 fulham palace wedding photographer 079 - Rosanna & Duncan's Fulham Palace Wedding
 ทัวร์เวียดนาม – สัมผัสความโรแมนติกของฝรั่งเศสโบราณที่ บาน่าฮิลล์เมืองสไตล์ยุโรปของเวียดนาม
━━━
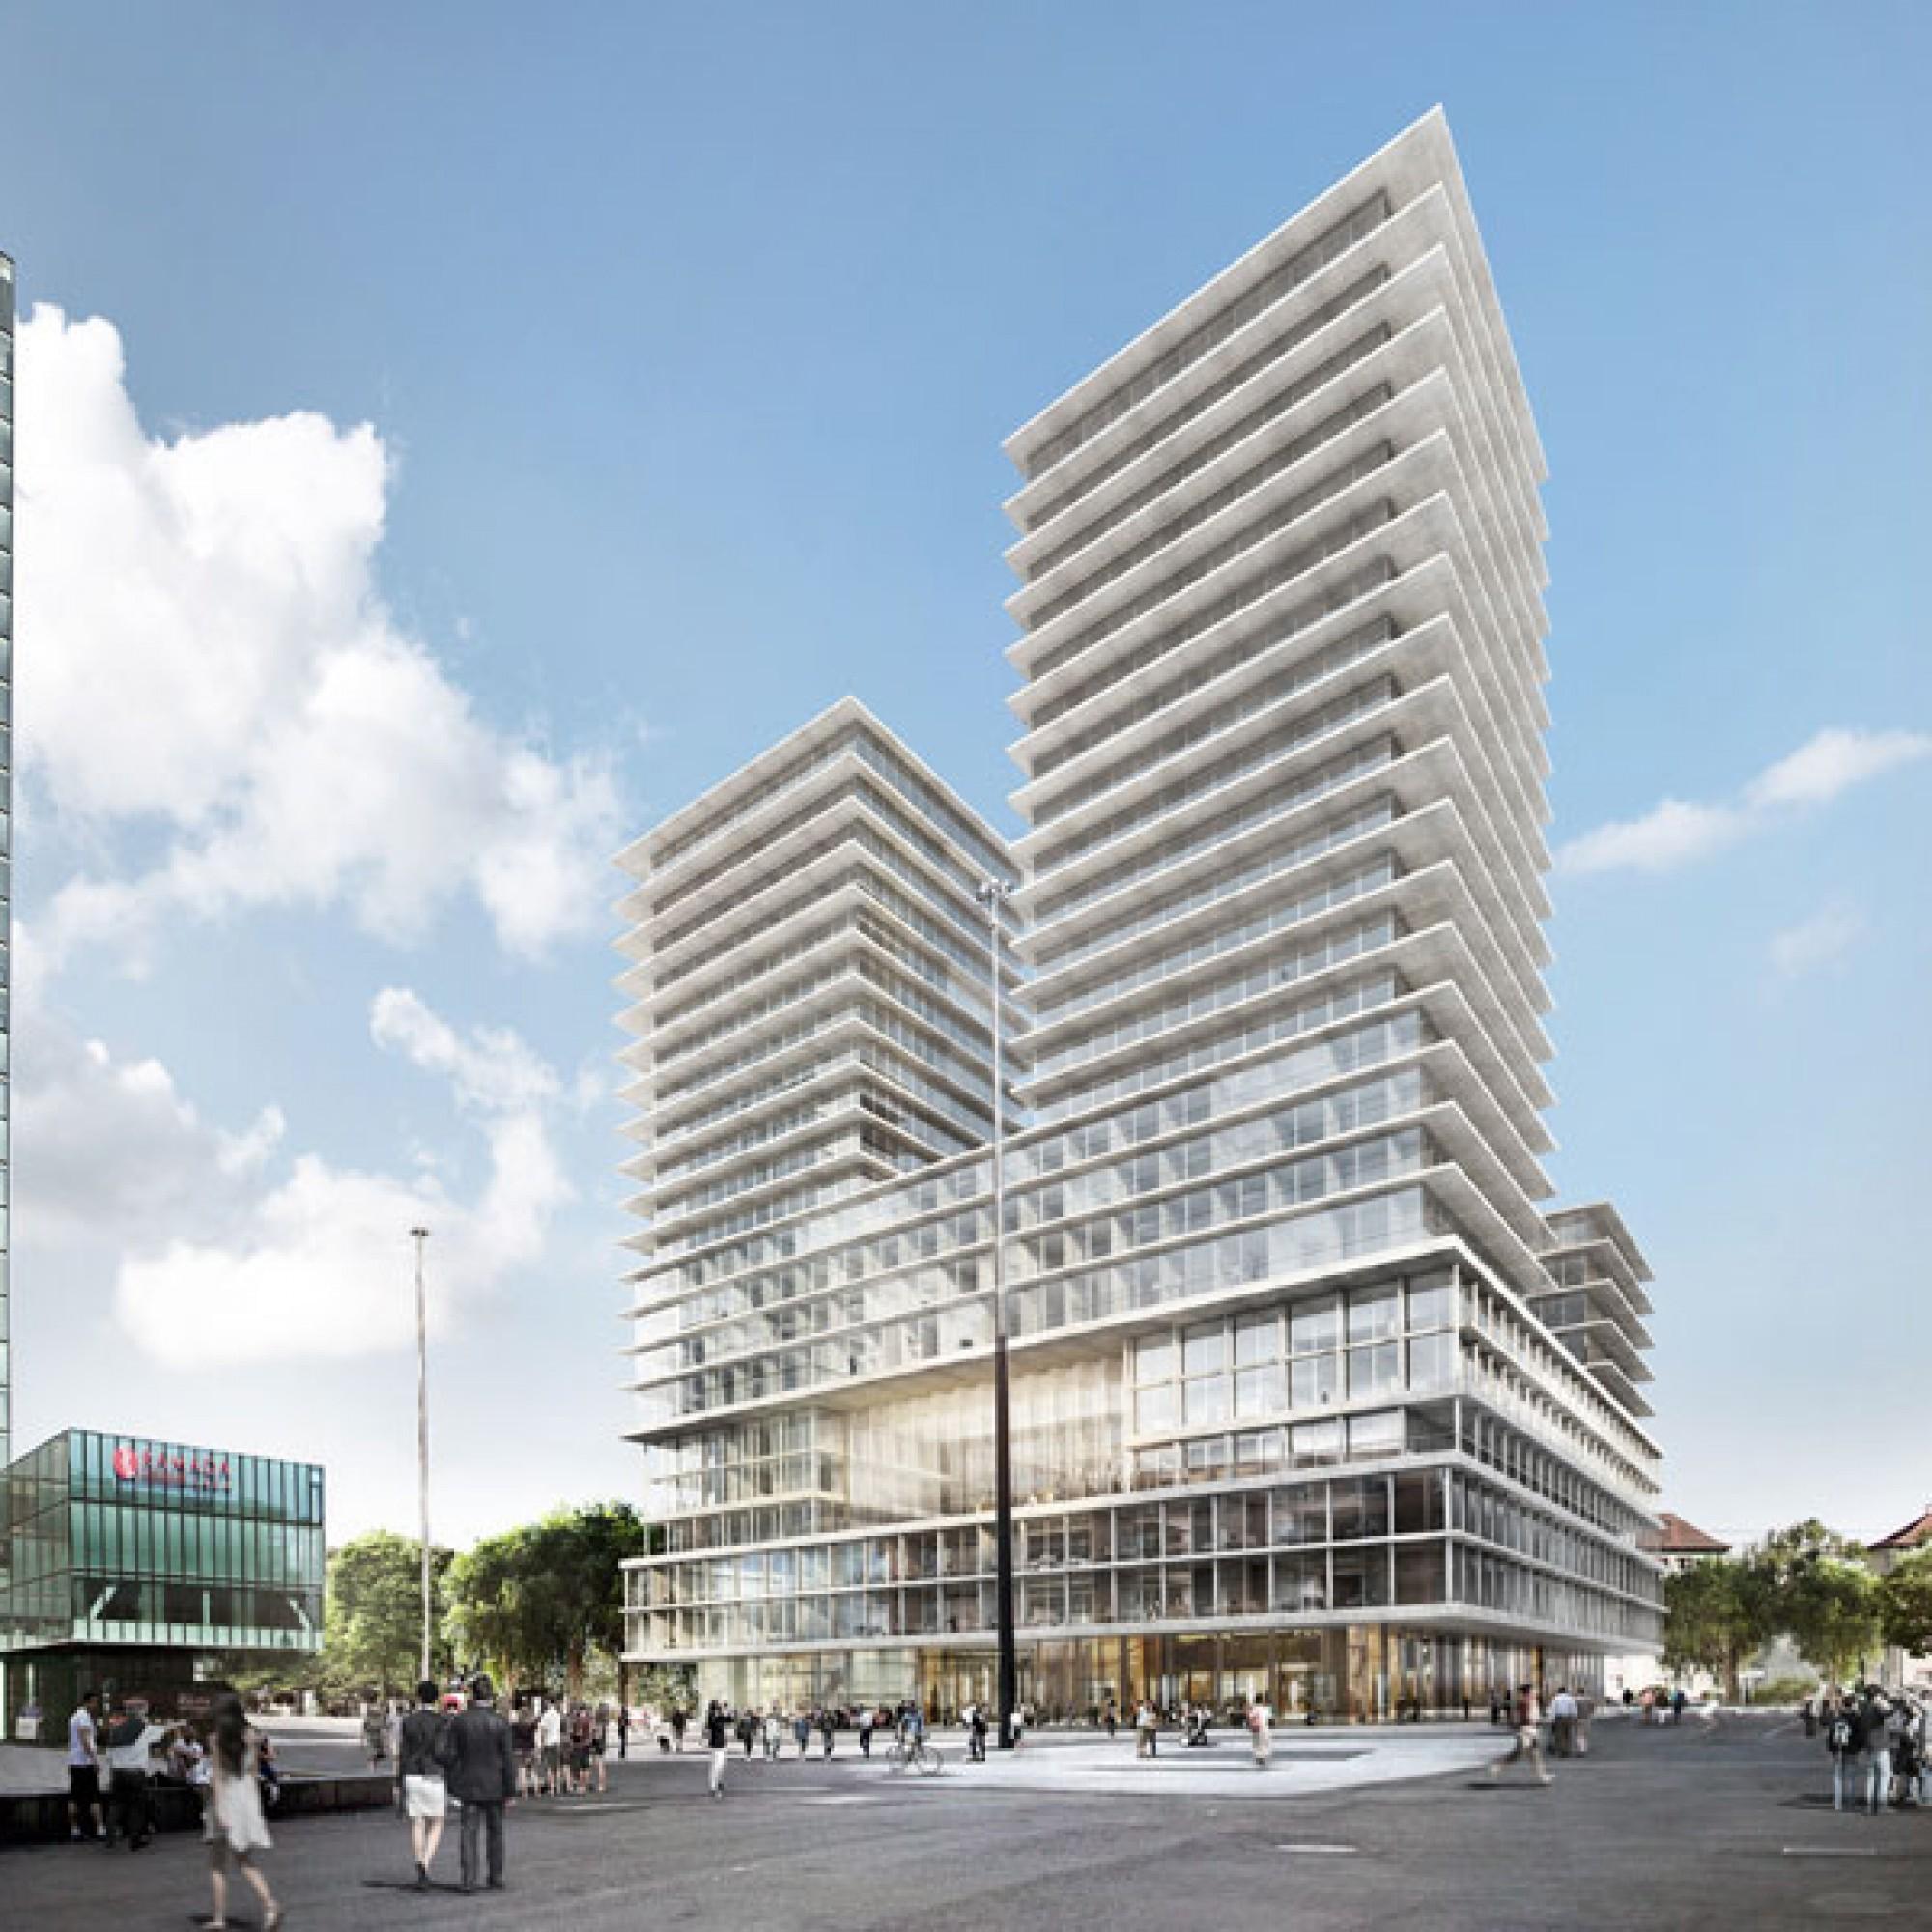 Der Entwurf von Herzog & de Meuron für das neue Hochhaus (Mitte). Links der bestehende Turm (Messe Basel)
━━━
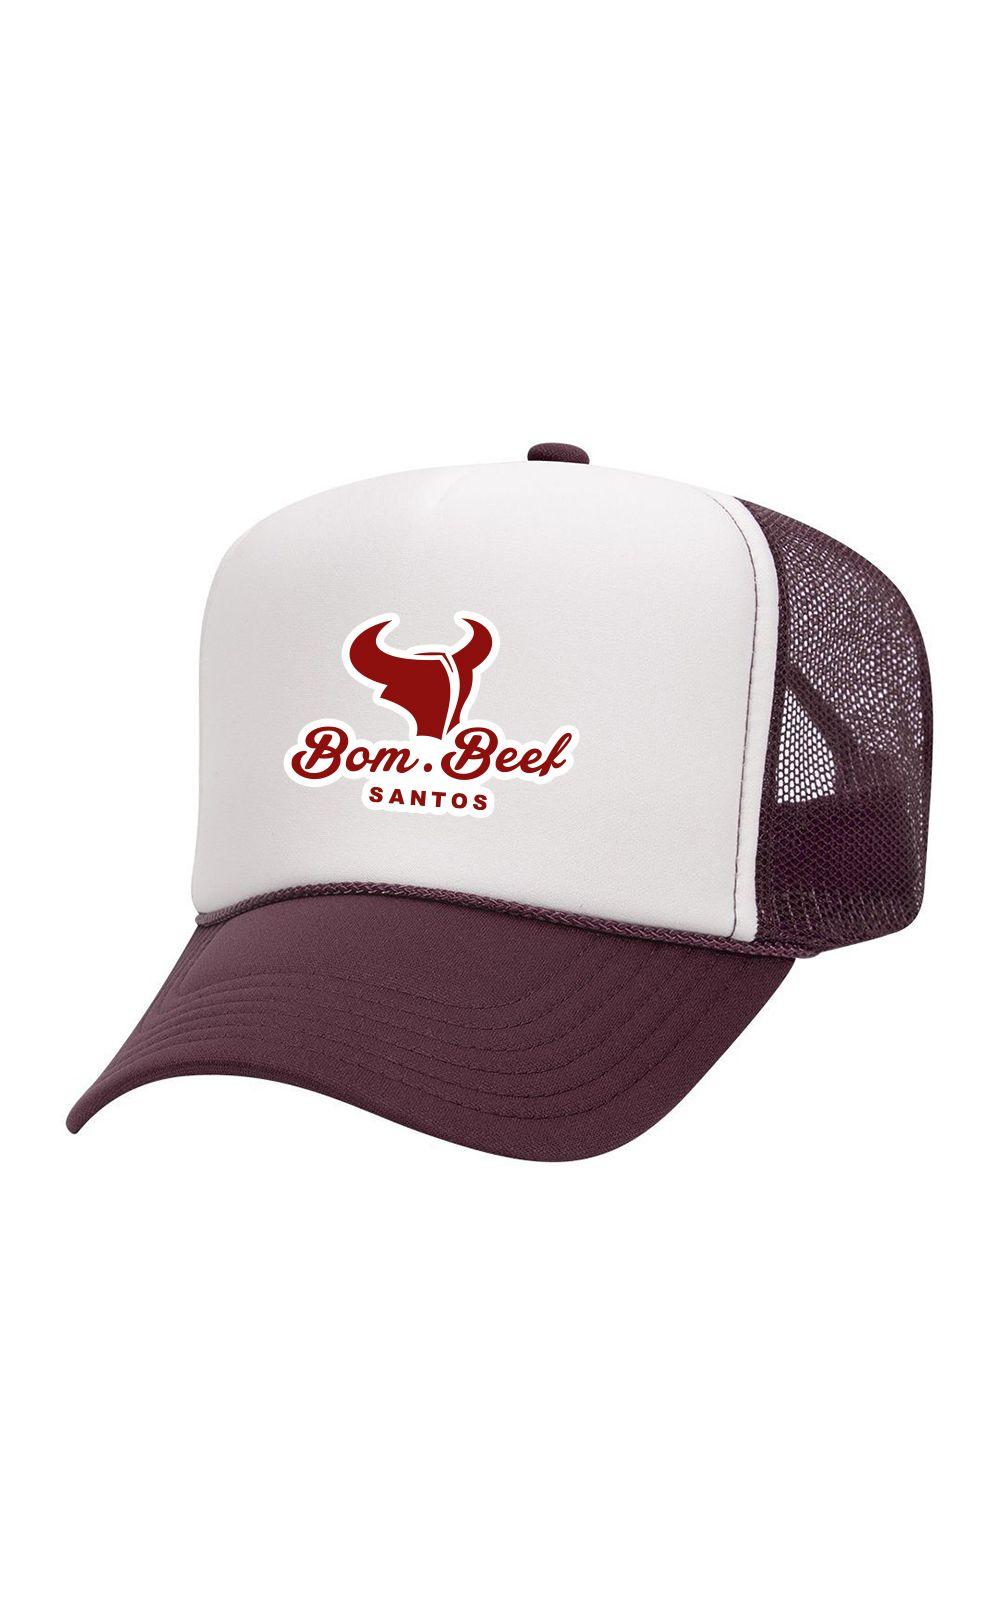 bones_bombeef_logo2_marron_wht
━━━
* Task objective *
Starting at the line that contains "fulham palace wedding photographer" and stopping after the line that contains "ทัวร์เวียดนาม – สัมผัสความโรแมนติกของฝรั่งเศสโบราณที่", write out every line exactly as it appears above, and no other line.

* Completed exercise *
 fulham palace wedding photographer 079 - Rosanna & Duncan's Fulham Palace Wedding
 ทัวร์เวียดนาม – สัมผัสความโรแมนติกของฝรั่งเศสโบราณที่ บาน่าฮิลล์เมืองสไตล์ยุโรปของเวียดนาม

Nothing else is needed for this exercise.